Jessica Nguyen ID# 1125075
Protein Crystallization Characterization through Raman Spectroscopy
Raman scattering is a vibrational imaging technique that was founded in India, due to
seeing sunlight effects on tetrachloride which resulted in a visible of excitation while light is
being annihilated and a single light of photo is created. This research resulted in C.V Raman
winning the Novel Prize in 1930. Raman is the usage of light that has been inelastically scattered
to give us a label. Because of the potential to use scattered light, Raman has the potential to even
replace fluorescence. This is because the vibrations are used to pick up molecules and identify
the chemistry of the functional groups.
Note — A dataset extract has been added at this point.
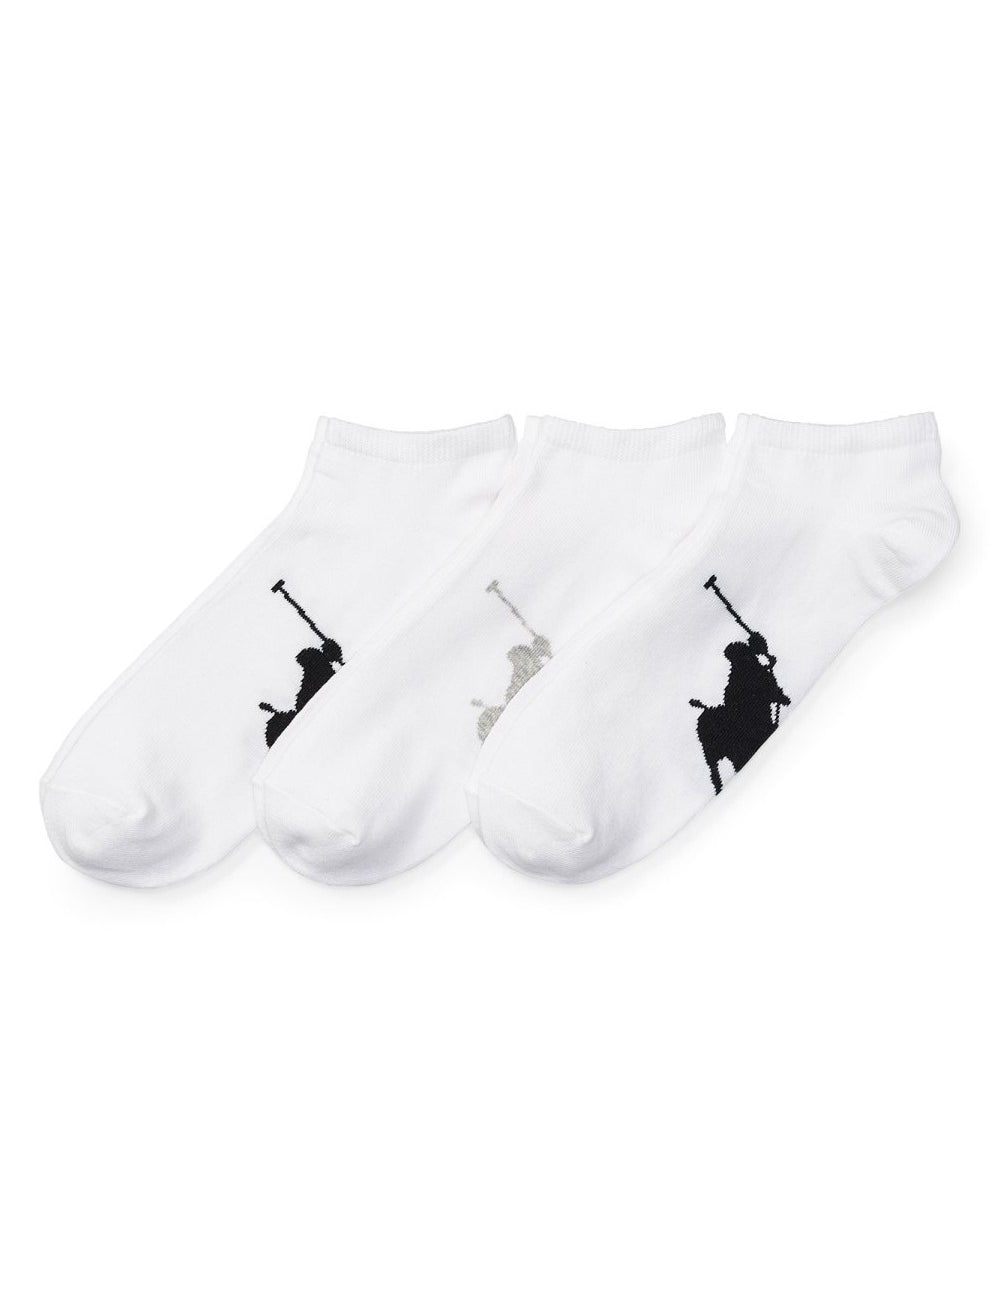 bpp-sole-3-pack-socks.jpg

The spectrum results in bands with "line intensities [that
are directly a] function of intrinsic polarization o the signal, polarization conditions of the
excitation and signal collection, concentration, Raman scattering cross-section and molecular
interactions[1]... " Because Raman is so versatile as a technique it can be used as Raman
scattering, stimulated Raman Scattering, confocal Raman imaging and many more techniques.
The more Raman is used, the more molecular maps of molecules can be determined. If one can
spot out a specific functional group on the Raman spectra you can map out a chemical functional
groups of a sample.
Raman spectroscopy uses the scattering phenomenon to map out surface interfaces of
samples with little to no sample preparation, resulting in the authenticity in the spectrums.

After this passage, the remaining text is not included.